▶ **Your task**
Write out exactly the lines from the one containing "Robot and cloaked" through the last line of the records below, both included, and leave out any pictures.

··· Record excerpts

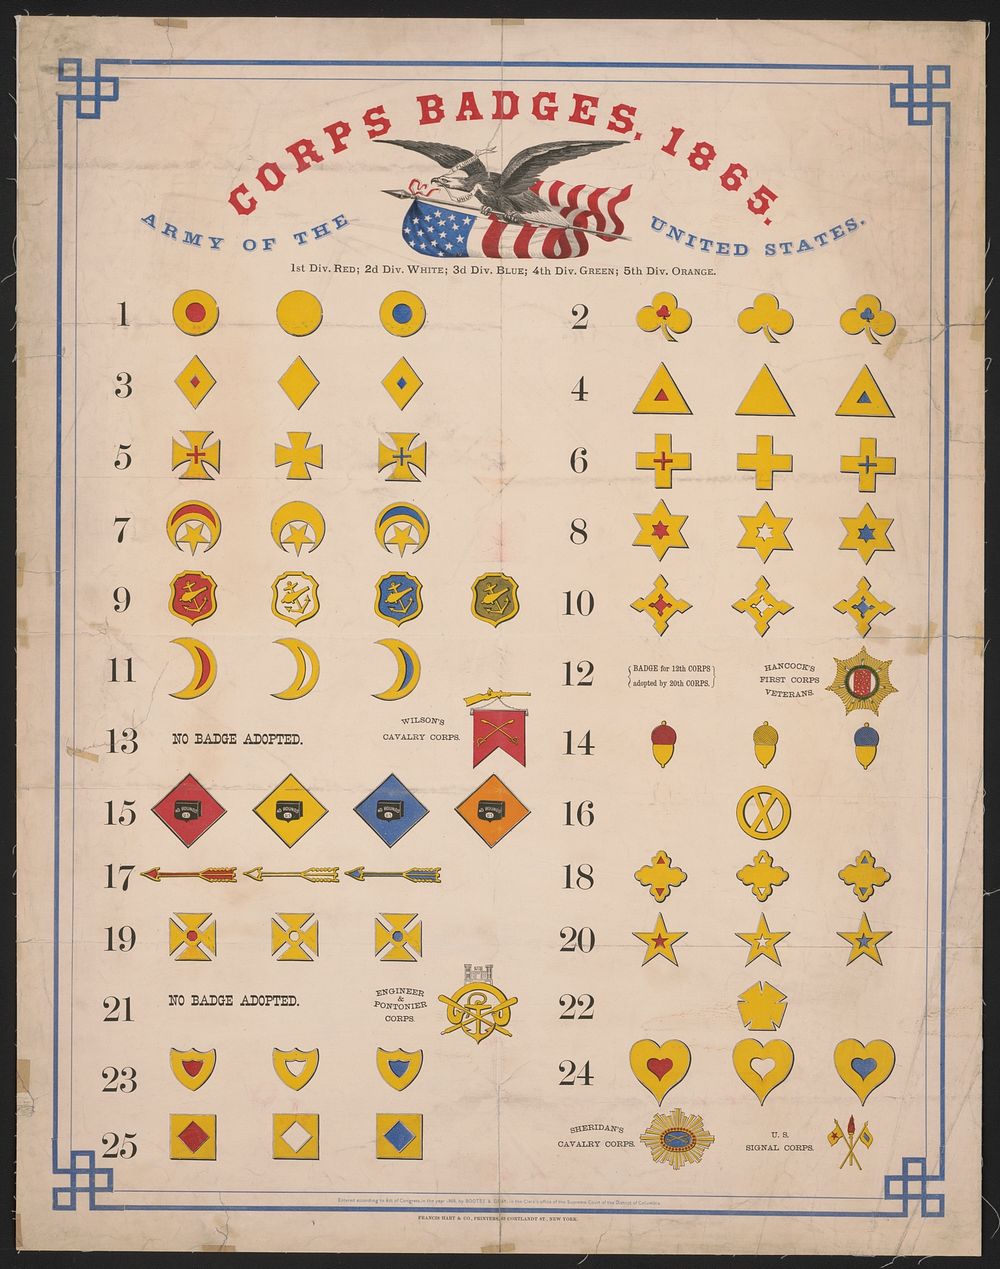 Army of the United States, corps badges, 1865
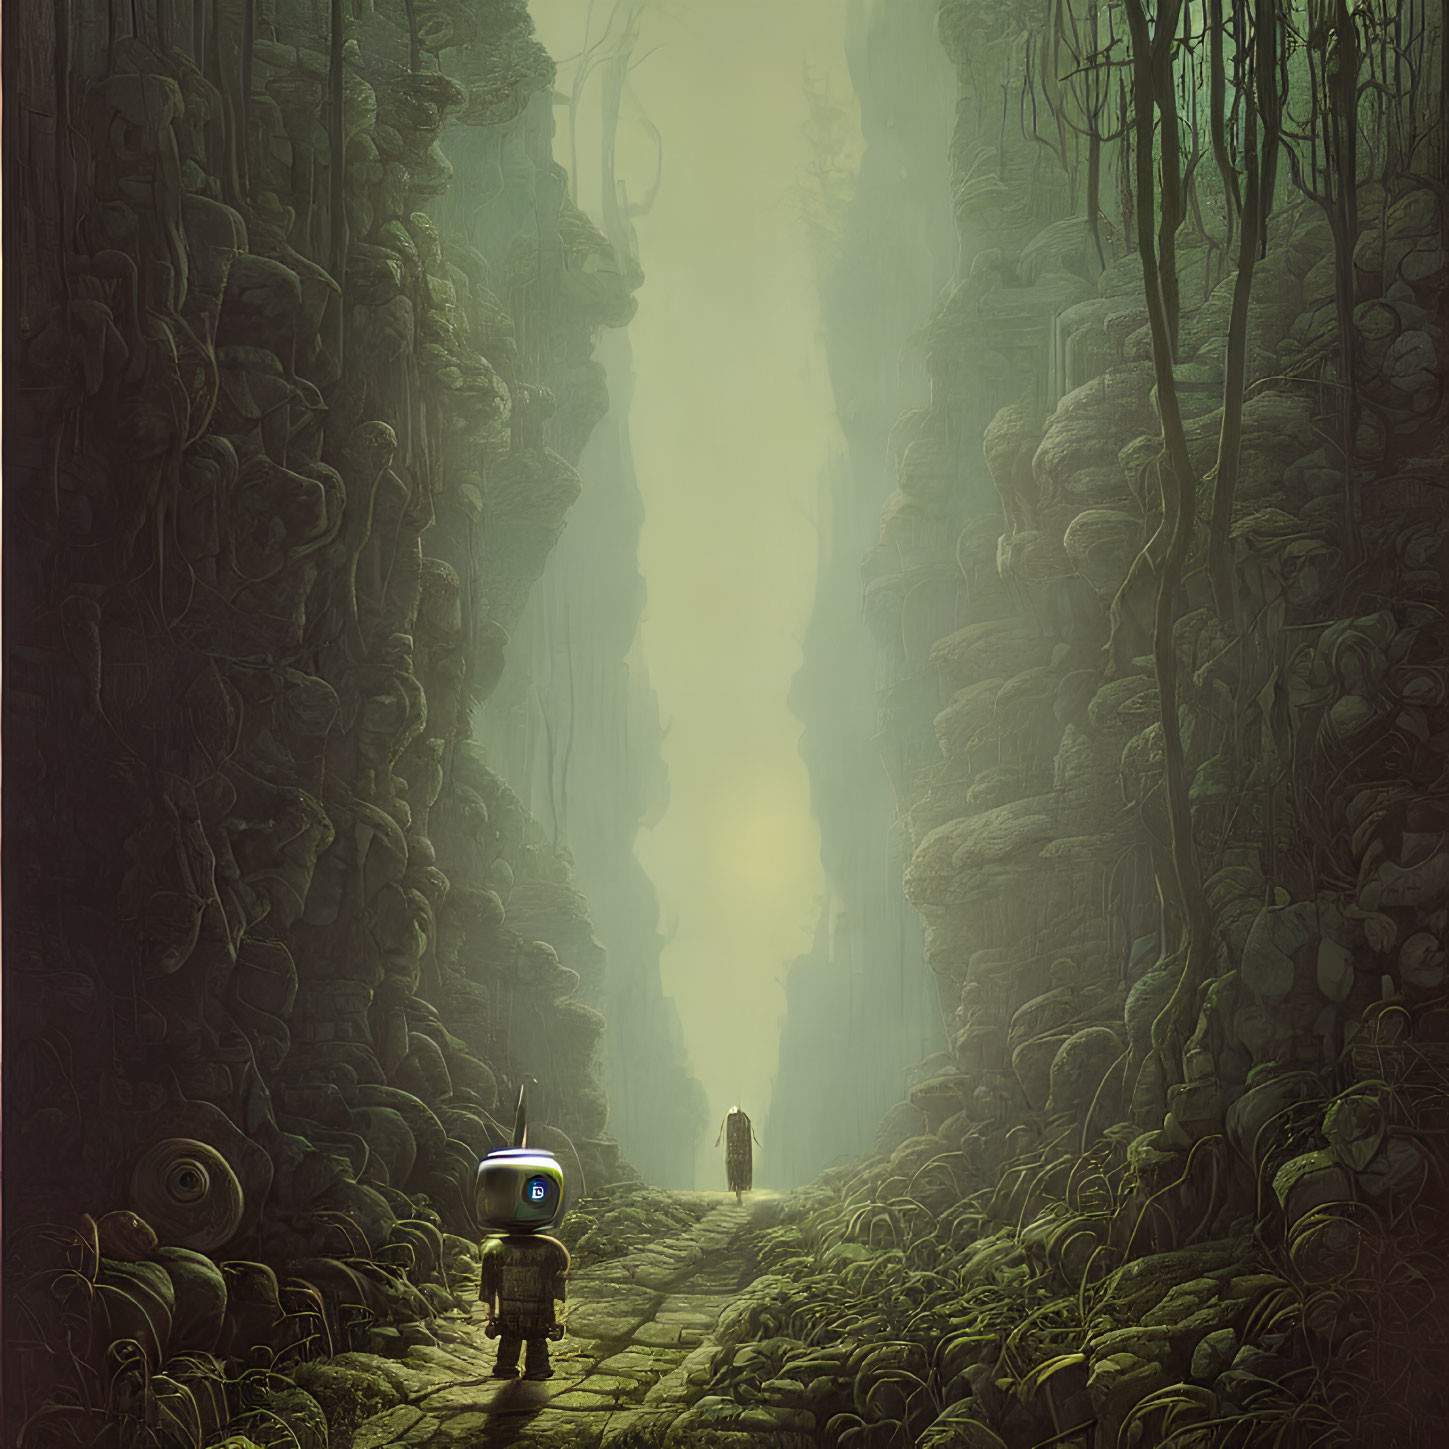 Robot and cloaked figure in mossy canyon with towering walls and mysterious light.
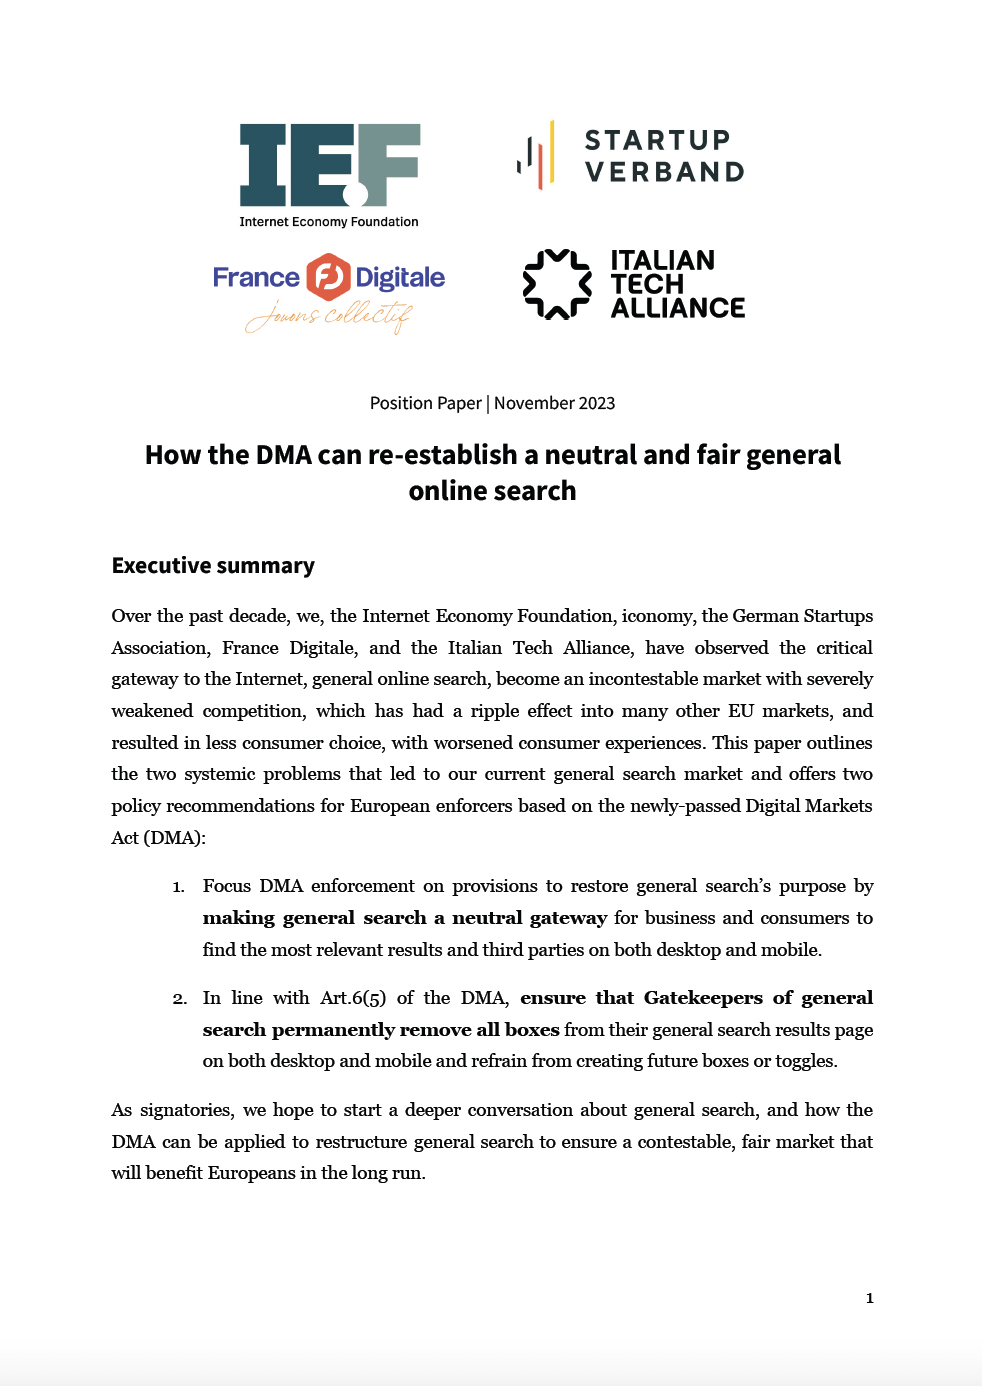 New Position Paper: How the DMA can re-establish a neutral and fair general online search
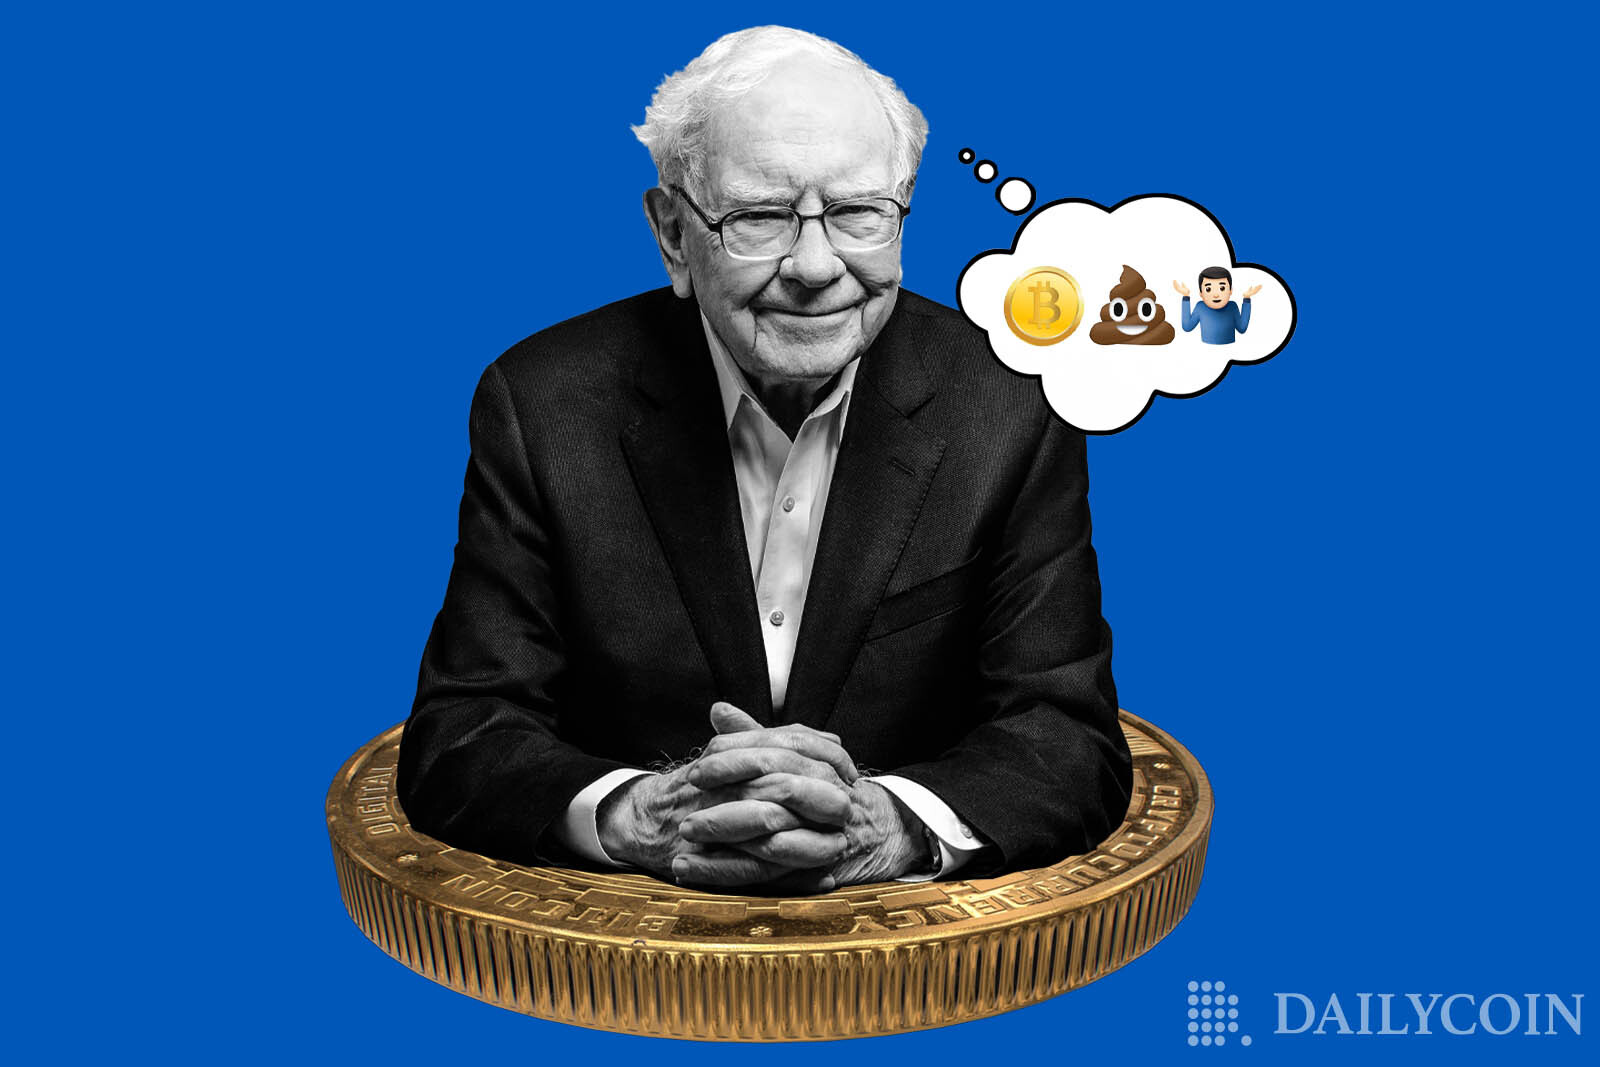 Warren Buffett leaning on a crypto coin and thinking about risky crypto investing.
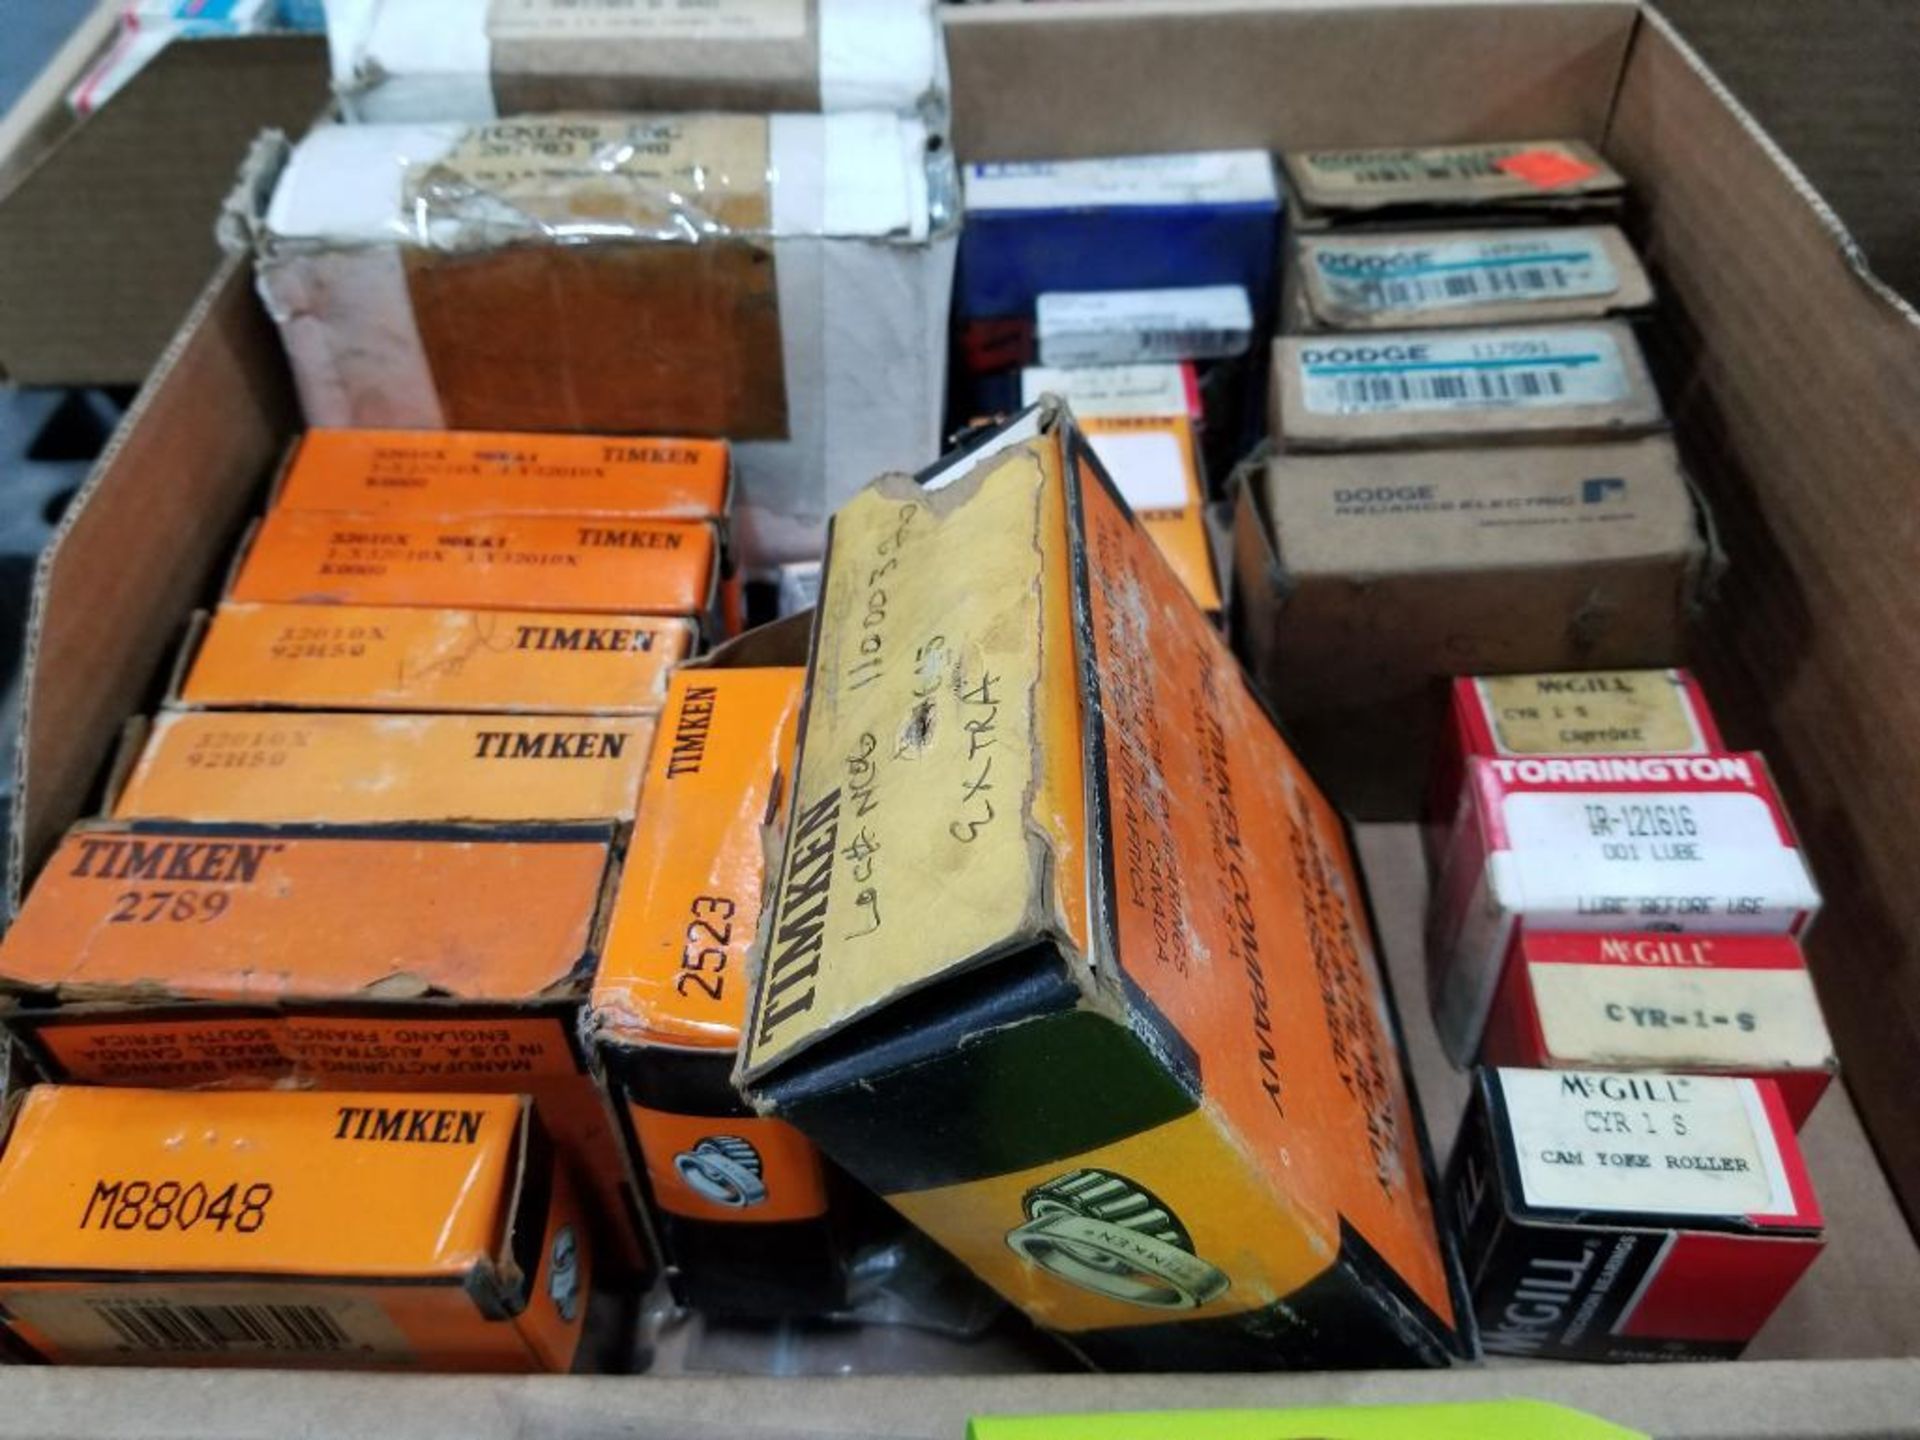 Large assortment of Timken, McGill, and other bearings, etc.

······

▶ **Answer to this task**
 Robot and cloaked figure in mossy canyon with towering walls and mysterious light.
 New Position Paper: How the DMA can re-establish a neutral and fair general online search
 Warren Buffett leaning on a crypto coin and thinking about risky crypto investing.
 Large assortment of Timken, McGill, and other bearings, etc.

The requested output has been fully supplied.